Главные, западные двери — огромные, литые, с львами — были распахнуты во всю ширь. Обвешался народ и на них. И уж тут ничего нельзя было поделать: не рушить же благочиние свадьбы, отгоняя и отжимая народ на площадь. Да и самих князей-бояр, со всеми присными, было несусветное множество.
Зво́нок и отдатлив на пенье был выстроен храм Дмитрия Солунского: огромные полые голосники — горшки вкладены были в стены, а и то сегодня глухо, будто бы под тулупом, звучало двухклиросное, многоголосное пенье — глохнул звук, некуда было ему податься.
Андрей-дворский изнемогал. Тиуны, мечники, стража и вся прочая гридь — все, кто под его начало был отдан сегодня, — уже и с ног сбились, ан пролез-таки и простой народ в церковь — что будешь делать?..

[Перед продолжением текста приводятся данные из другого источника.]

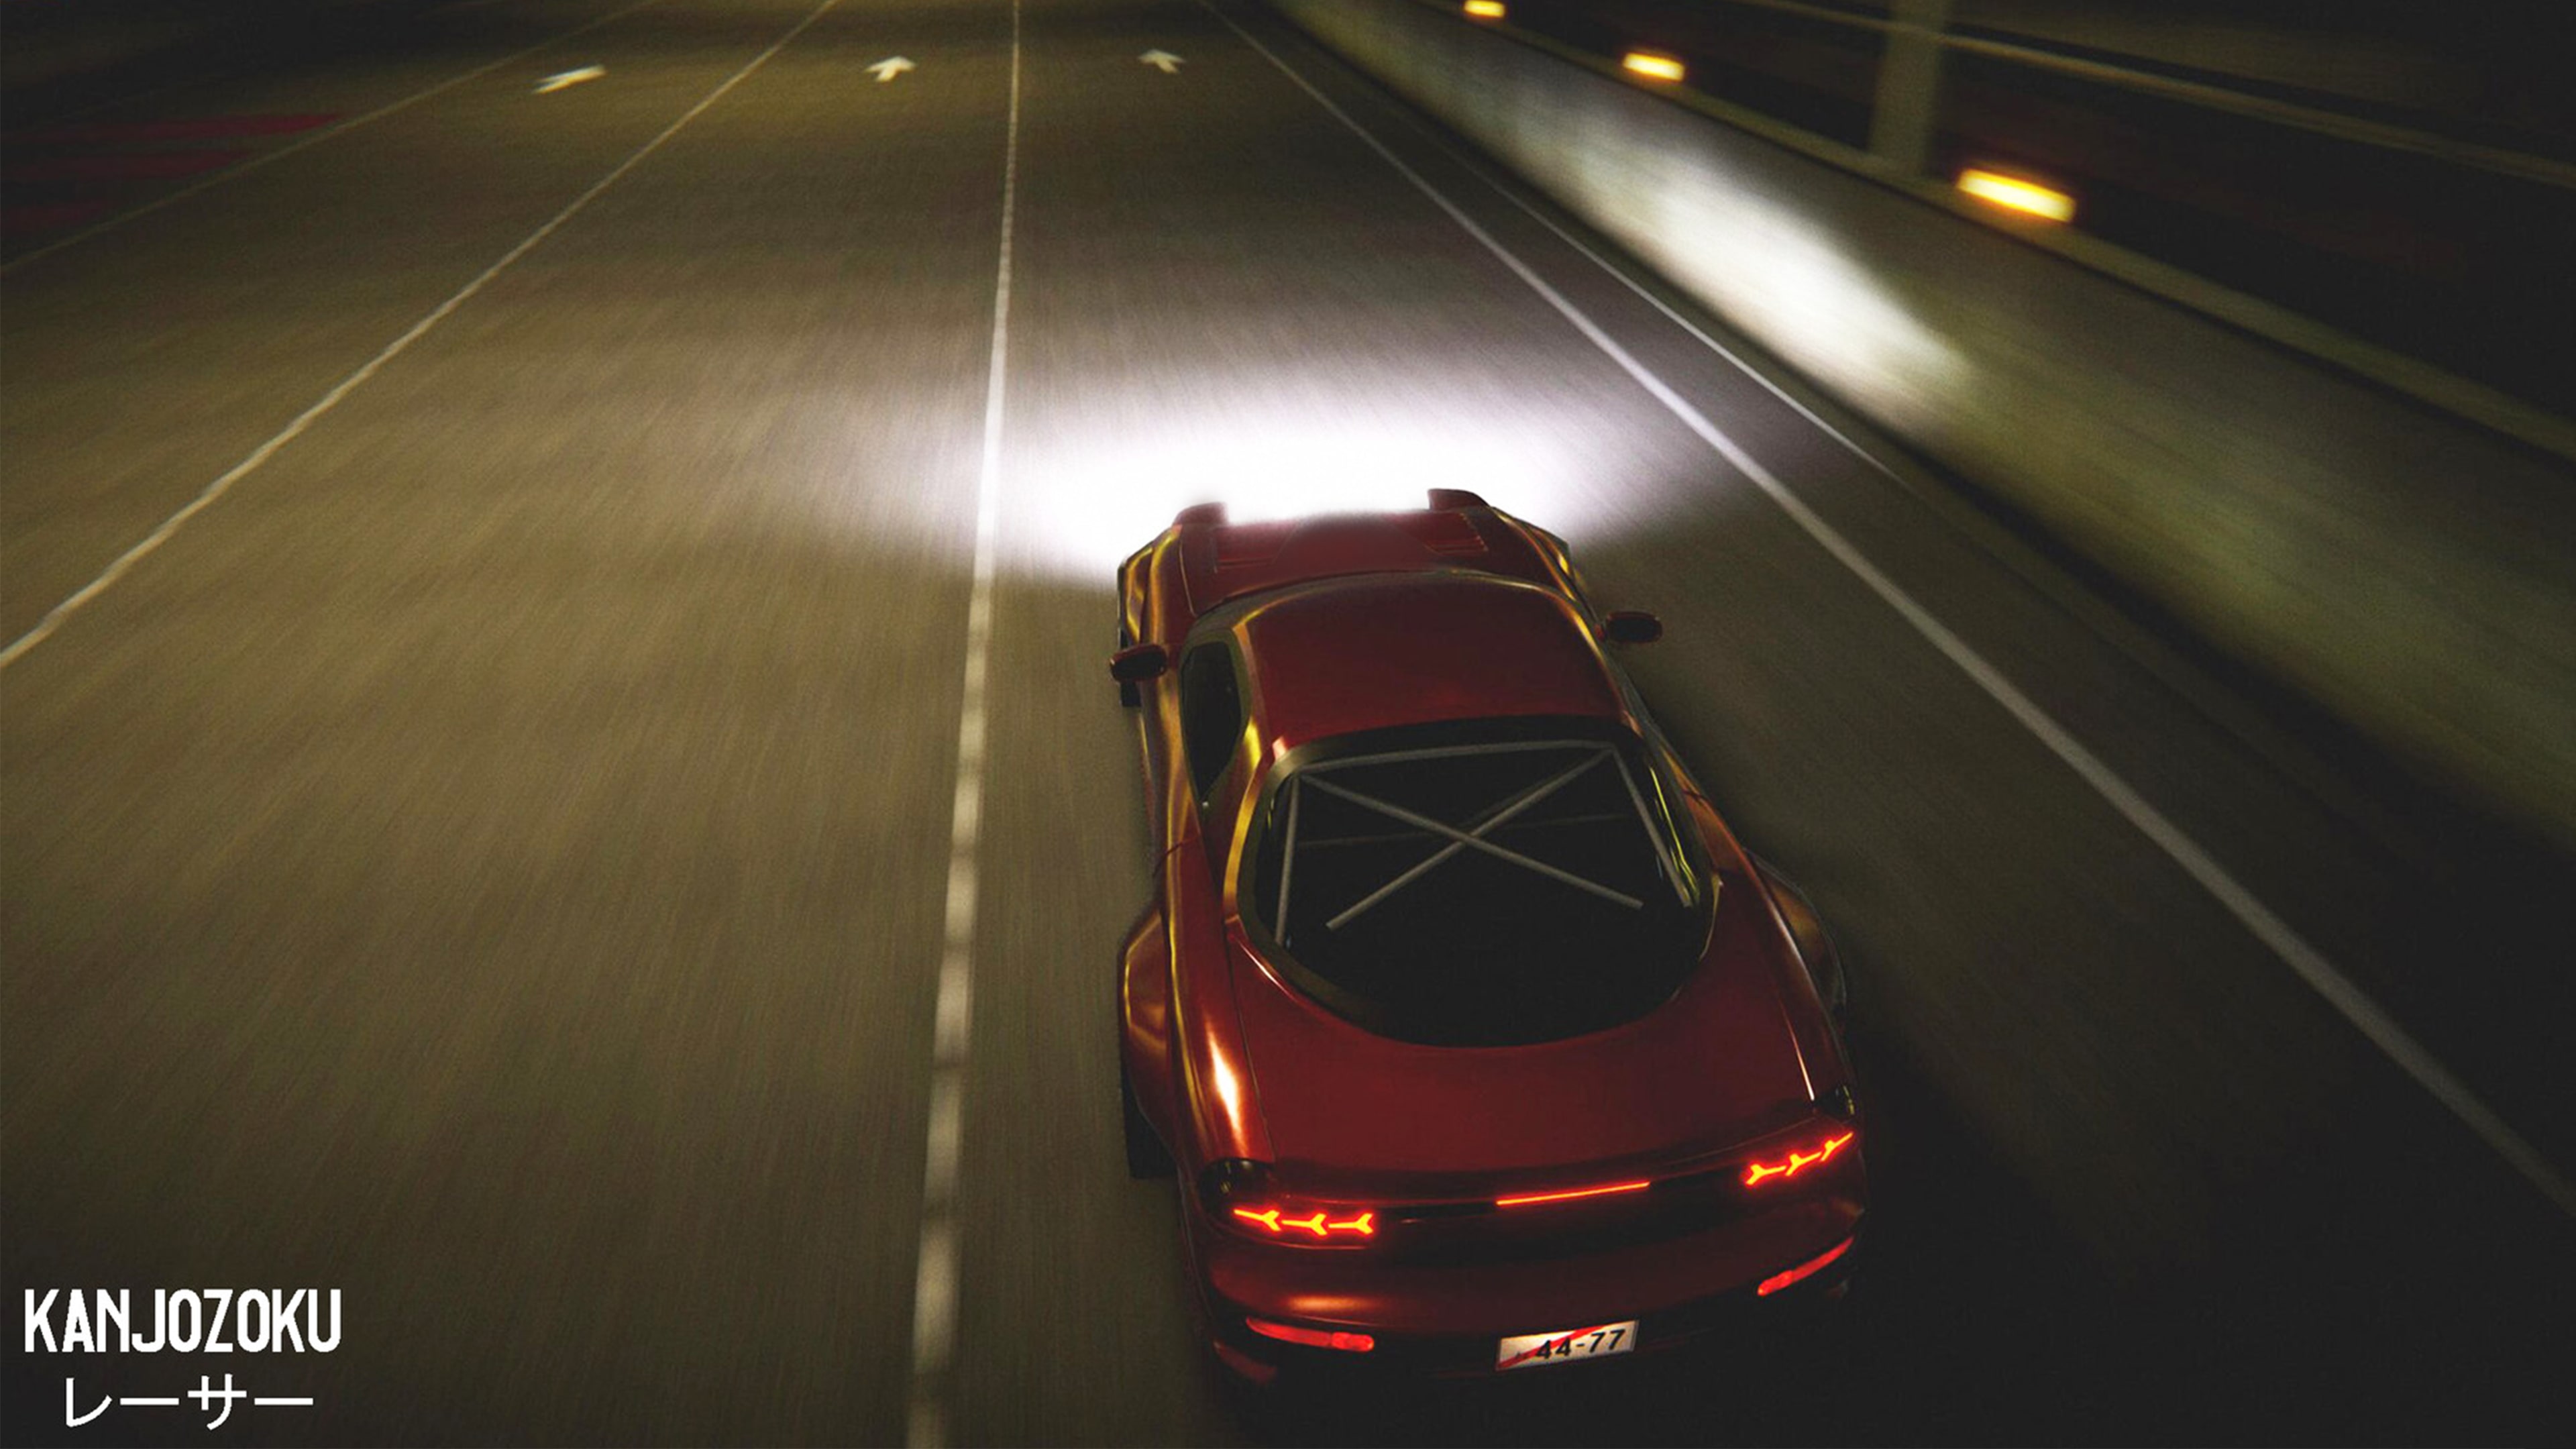 Kanjozoku Game レーサー — Car Racing & Highway Driving Simulator Games on PS4 —  price history, screenshots, discounts • USA

Ему, Андрею Ивановичу, сколько людей, поди, завидовало из толпы: вот, мол, этот уж всю свадьбу высмотрит невозбранно, а он, бедняга, даже и глазом не успел глянуть на то, как стояла под венцом брачным Дубравка — та, которую, младенцем ещё, на руках нашивал, та, для которой — ох, ведь словно бы вчерась это было! — он зайчонка серого словил, да и подарил ей, и пуще всех игрушек любила того зайчонка княжна.
«А теперь вот венчают!..» И Андрей Иванович, распоряжаясь и орудуя, нет-нет да и стряхивал туманившую очи слезу на свой малиновый парчовый, с золотыми разводами, кафтан.
...Трепетало и потрескивало многоязычное пламя неисчислимого количества свечей — больших и малых, унизывавших огненными кругами и созвездиями как стоячие пристенные и предыконные свещники, так и висячие на золочёных цепях, многообхватные, серебряные хоросы и паникадила.
Слюдяным блеском отсвечивала мозаика исполинских икон.
Господь Саваоф из недосягаемой златозвёздной голубизны купола как бы простирал над врачующимися багряные воскрылия сверкавших одежд своих.
Сурово взирали с престолов седобородые могучие старцы, окружённые сонмом белокрылых юношей, что теснились позади их престолов, поставленные в строгом порядке, так что взирающему на них белокрылый их строй мнился уходящим в бесконечность.
Выведенные из мрака могил пред грозные очи тех старцев, поднятые трубой Страшного суда жалкие грешники, озябшие, щурясь от непривычного света, прикрывая наготу свою остатками истлевших одежд, трепеща перед последним судилищем, стояли растерянною толпой.
Старики говорили, что среди этой толпы воскресших грешников можно было признать и одного, и другого, и третьего из числа именитых владимирцев — купцов, градских старост и пресветлых бояр покойного Всеволода Юрьевича.
...Венчанье приближалось к концу. Да и хорошо! А то, пожалуй, и не выстоять бы Дубравке!
В белом атласном платье с серебряным кружевом, в золотом зубчатом налобнике, усаженном жемчугами, с туго затянутыми под него волосами, так туго, что даже стучало в висках, Дубравка никла под тяжестью своего подвенечного убранства, уже измождённая и до этого всем тем, что вот уже неделю совершалось над нею всеми этими людьми, из которых каждый — так по крайней мере ей думалось — любил и жалел её.